• WHAT TO DO: Whenever a picture appears, leave it out while repeating all the other data exactly.

• SOURCE MATERIAL:

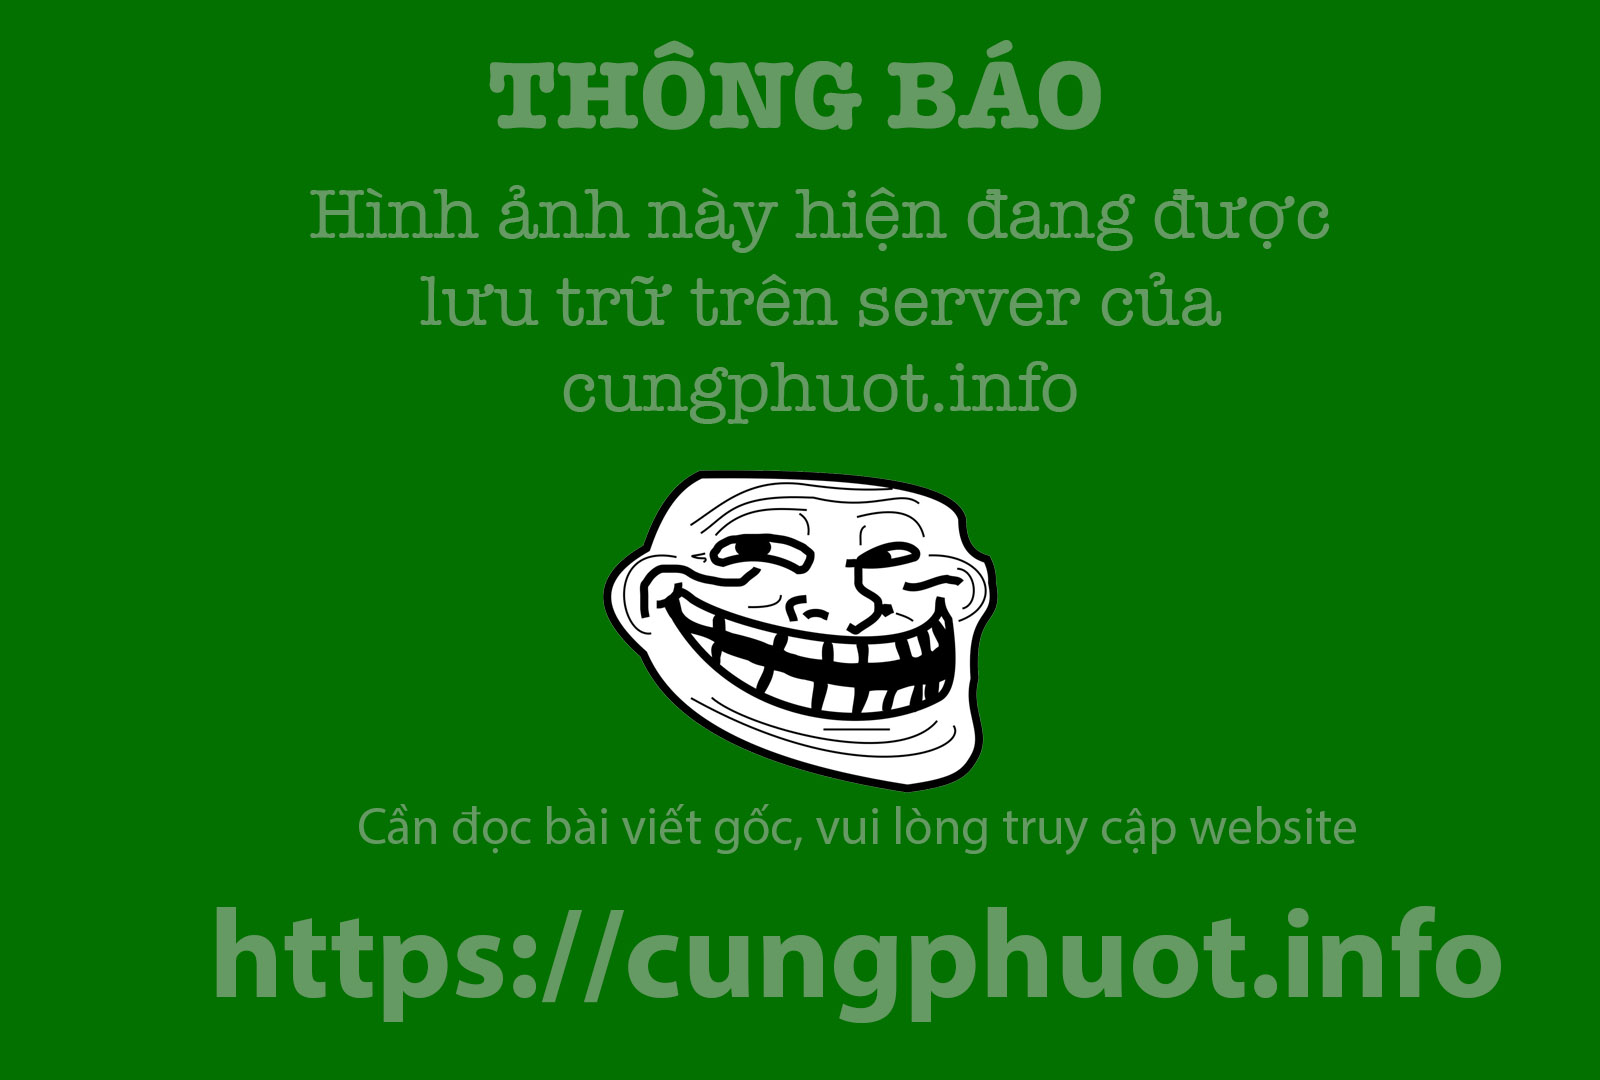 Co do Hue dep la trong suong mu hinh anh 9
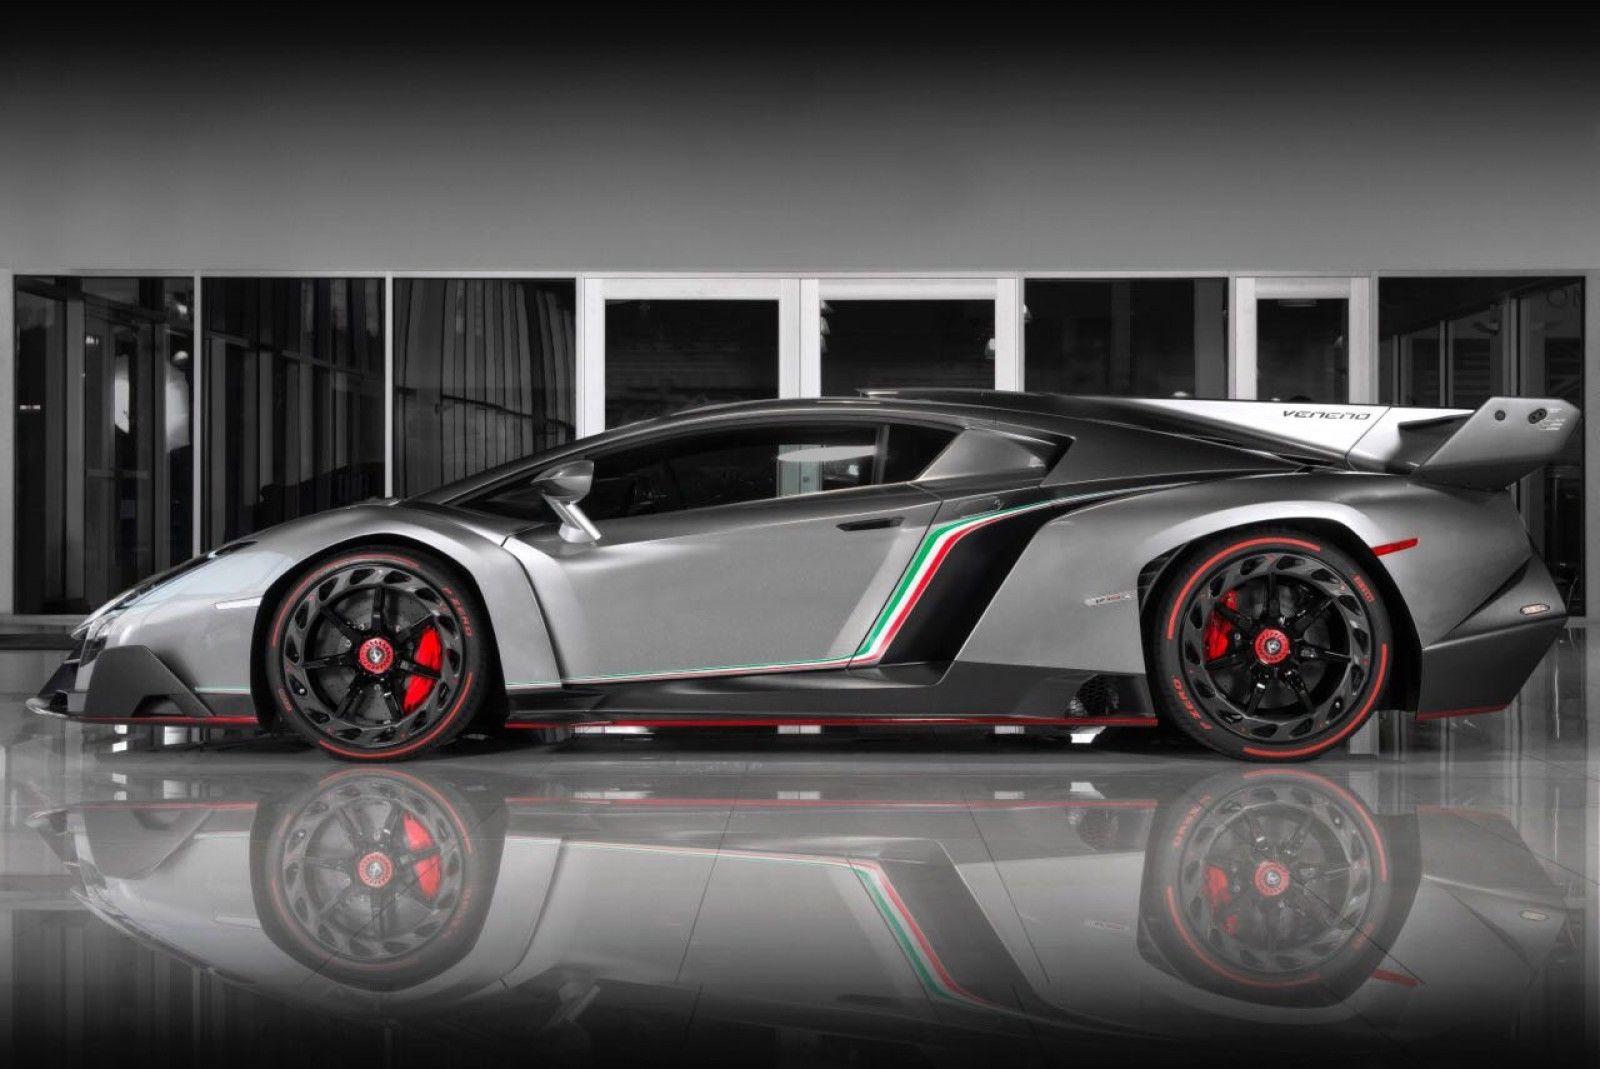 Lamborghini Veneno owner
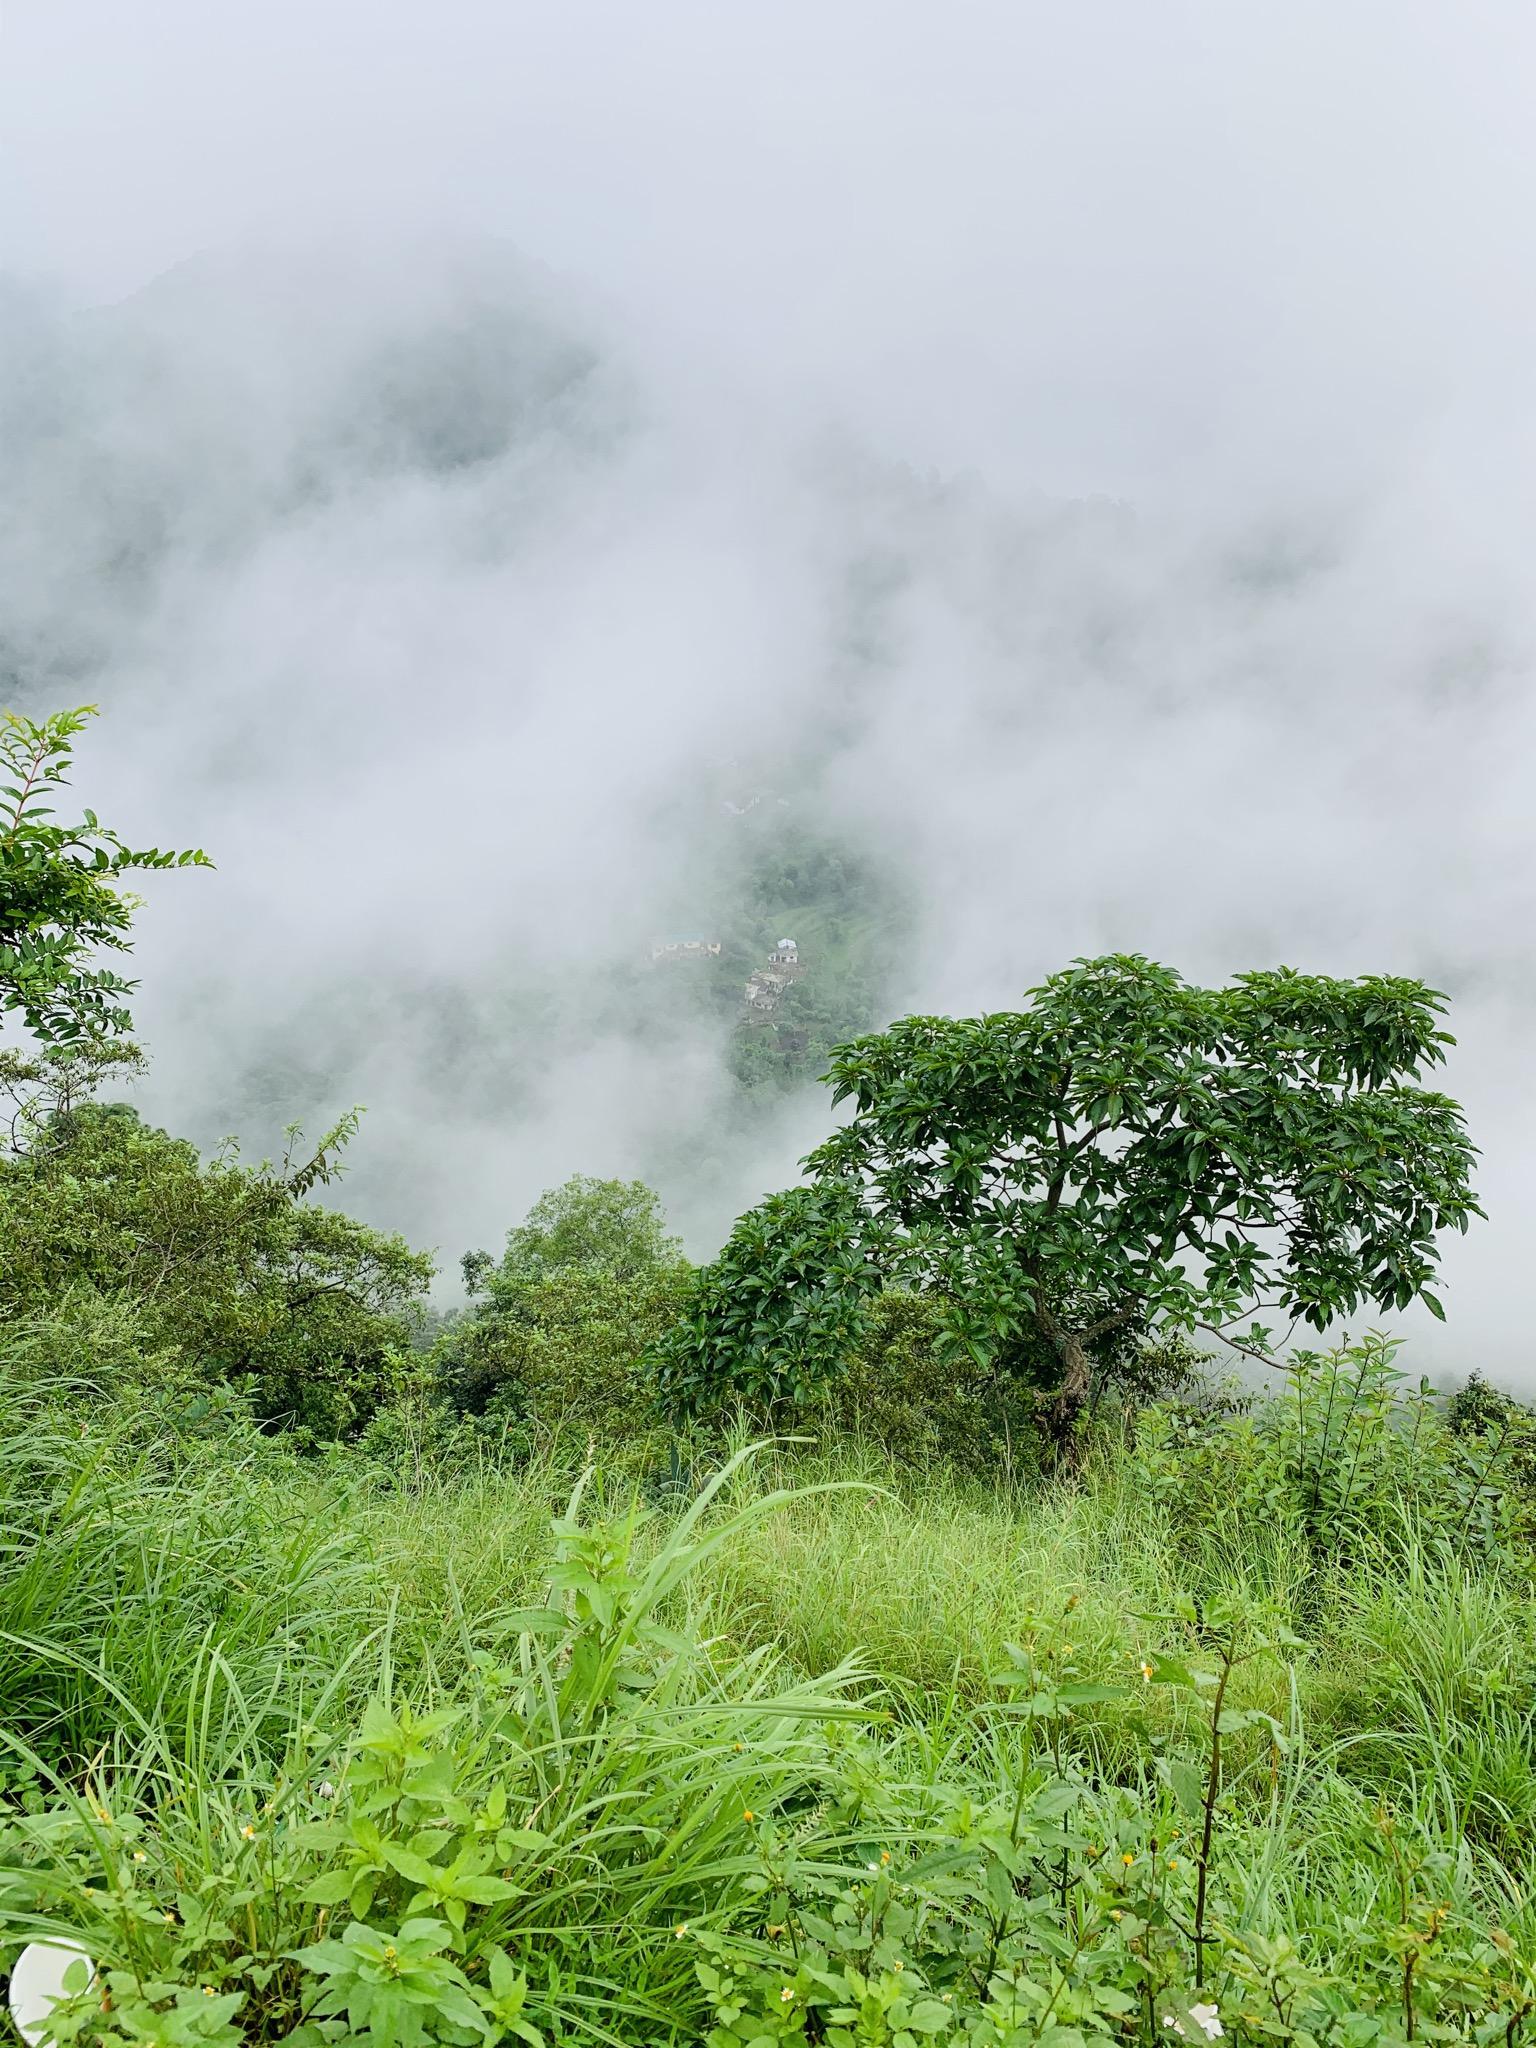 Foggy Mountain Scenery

• WRITTEN ANSWER:
 Co do Hue dep la trong suong mu hinh anh 9
 Lamborghini Veneno owner
 Foggy Mountain Scenery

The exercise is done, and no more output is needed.